If value is relative, then Opus One most definitely qualifies (as does a Sonoma Zinfandel at a somewhat lower price).
From $299, €329.90, £296.68, SG$450 and widely available around the world.
Most wines of the week are chosen with the bargain hunter in mind, bringing lesser-known bottles to the attention of those who would most appreciate them. Opus One, the famous Californian Cabernet, is neither in need of greater exposure nor, at £300 per bottle, of interest to the bargain hunter. Or is it?
Since Jancis recently asked if wine is becoming a luxury, observing that 'it is becoming increasingly difficult to find wines of real interest under £25 a bottle', a typically well-informed and thoughtful debate has been running on our Members' forum, citing many examples of the way prices for fine wine have increased so dramatically in recent years.
For many people, £300 for a bottle of wine is absurdly expensive, offensive even. Indeed, for the majority of British wine drinkers, anything above the average bottle price of around £6 must seem excessive. But surely readers of the world's best wine website are at least open to persuasion that Opus One is worth the asking price?
There are two ways I might convince you. The first is the quality of the wine itself. I tasted the newly released 2016 in Singapore in September and the impression was instant. It was like Pauillac in seductive soft focus: all the sun-kissed richness of Napa with all the savoury formality of Bordeaux. There is an impeccability to the fruit that sets such wines apart. I scored it 18++, and I see that Jancis was half a point ahead of me when she tasted it earlier this year (see Opus goes wild, which also reveals more about their winemaking philosophy).
Scores are important here, because it is almost unheard of for inexpensive wines to score above 17.5. The difference may seem marginal, but it is real, and it remains true that experiencing the truly greatest wines of the world is never cheap. Our database contains 39 tasting notes covering 24 vintages of Opus One with a mean score of 17.5, and a mode of 18.
Secondly, let's consider value and relativity. As Jancis mentioned in her article, Penfolds recently released a new, unproven Shiraz for £850 per bottle, in bare-faced defiance of the criticism it has faced over ever-increasing prices for its top wines (The 2015 of Grange has an RRP of £591). Even so, that is nothing compared to Opus One's Napa neighbours Harlan and Screaming Eagle, whose Cabernet Sauvignons sell for around £1,200 and £2,000 per bottle respectively. And even these prices are dwarfed by Liber Pater, whose 2015 vintage has been released at the laughable price of €30,000 per bottle.

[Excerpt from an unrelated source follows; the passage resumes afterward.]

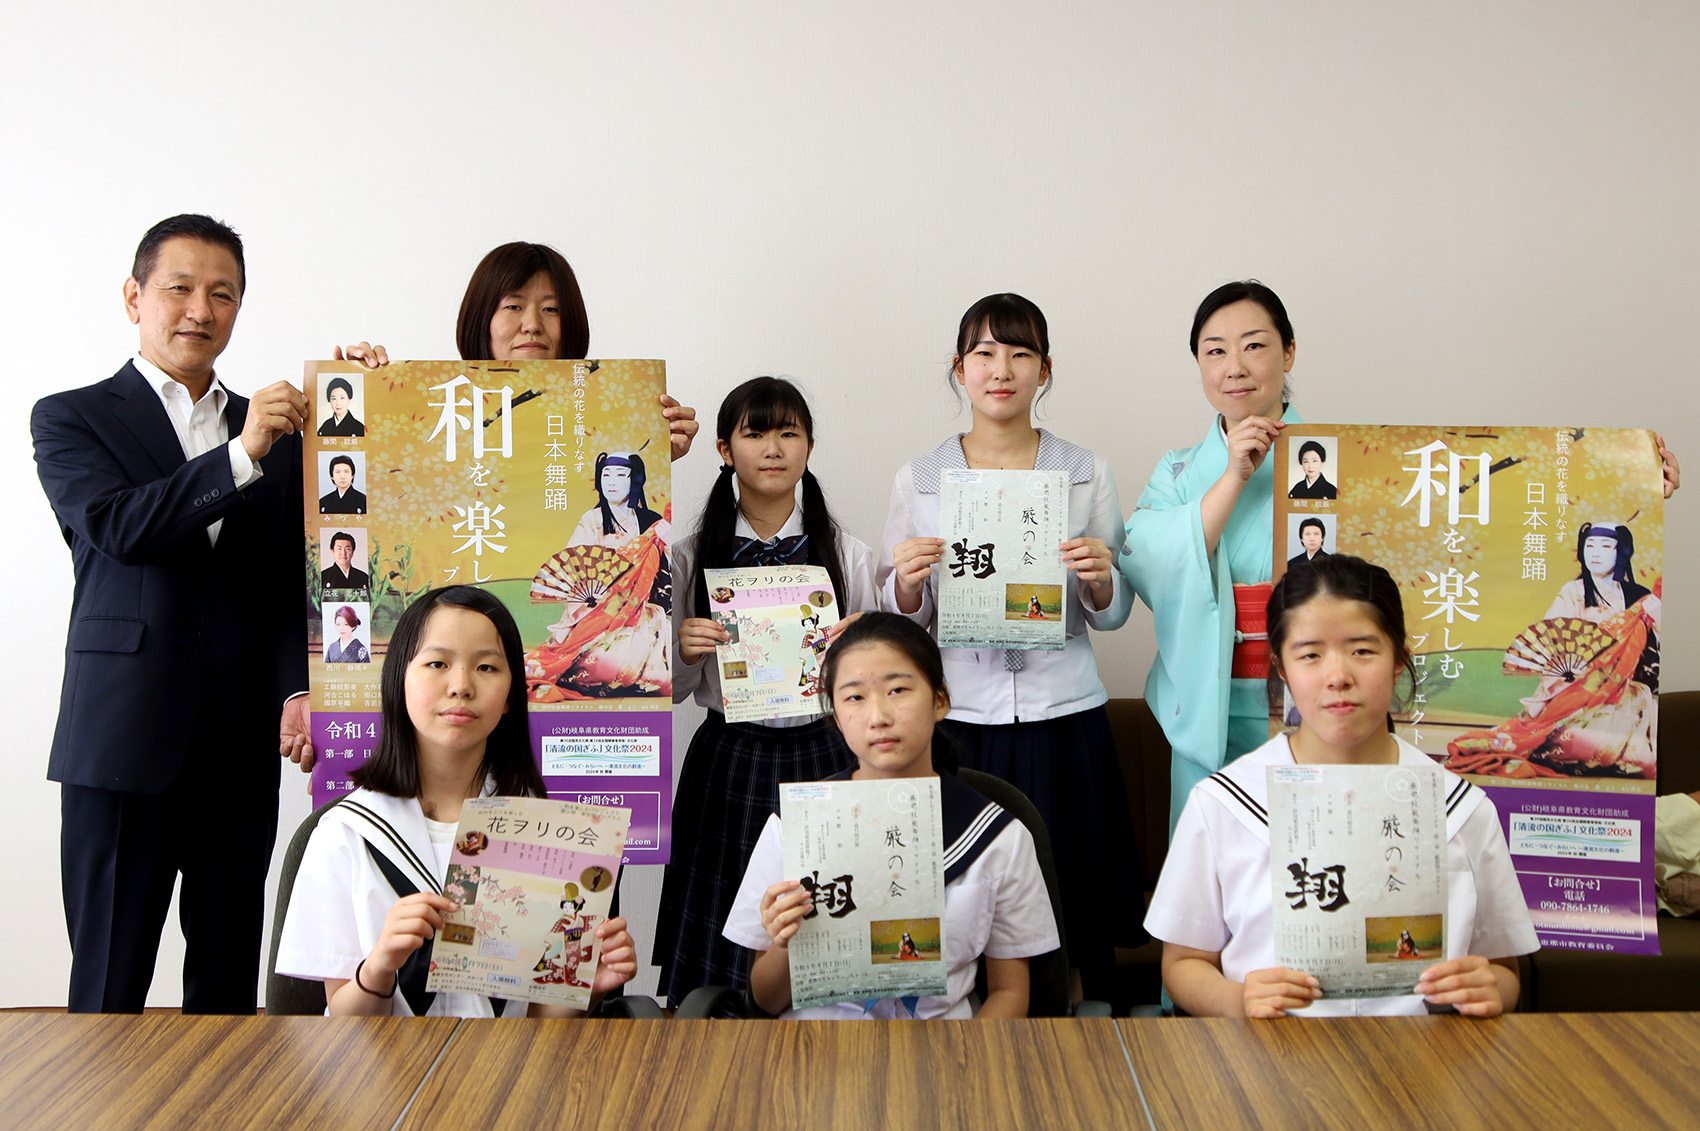 日本舞踊を発表する「花ヲリの会」「厳の会」の出演者たち

Furthermore, the £300 price tag for Opus One isn't just buying you the wine. It would be disingenuous to ignore the role that the luxury experience plays for wine at this level. That doesn't just mean the packaging (although a wooden case of Opus One is a rather lovely thing), but the brand equity involved: the history and reputation of the estate, its status as one of the world's best vineyards – in a word, the all-important prestige.
All things considered, a wine such as Opus One, which consistently represents one of the best examples of its type and costs a fraction of the price of qualitatively commensurate wines, must be worth buying. For anyone who is willing and able to spend this sort of money on wine, the 2016 vintage of Opus One is a very smart buy.
For those for who are not, here's another Californian wine that might be more affordable. I tasted the 2015 vintage of Seghesio's Cortina Zinfandel from Dry Creek Valley at a recent lunch in Singapore. It is currently available at $27.99, €37.79 and £40.99 – still hardly cheap, yet good value, relatively speaking. I loved its bountiful blueberry fruit and serious garrigue herbiness, and scored it at a very healthy 17.5, which is the same score Julia gave the 2011 vintage. It has the same authentic Californian power as the Opus One, and while it doesn't reach the same heights of complexity, it gives a typically extrovert rendition of Zinfandel.
Both wines are fantastic, but it is the Opus One that delivers both exceptional quality and the full luxury experience, and in today's fine wine world, that would seem to make £300 per bottle a price worth paying. Because let's face it: top-shelf wine won't be getting cheaper anytime soon.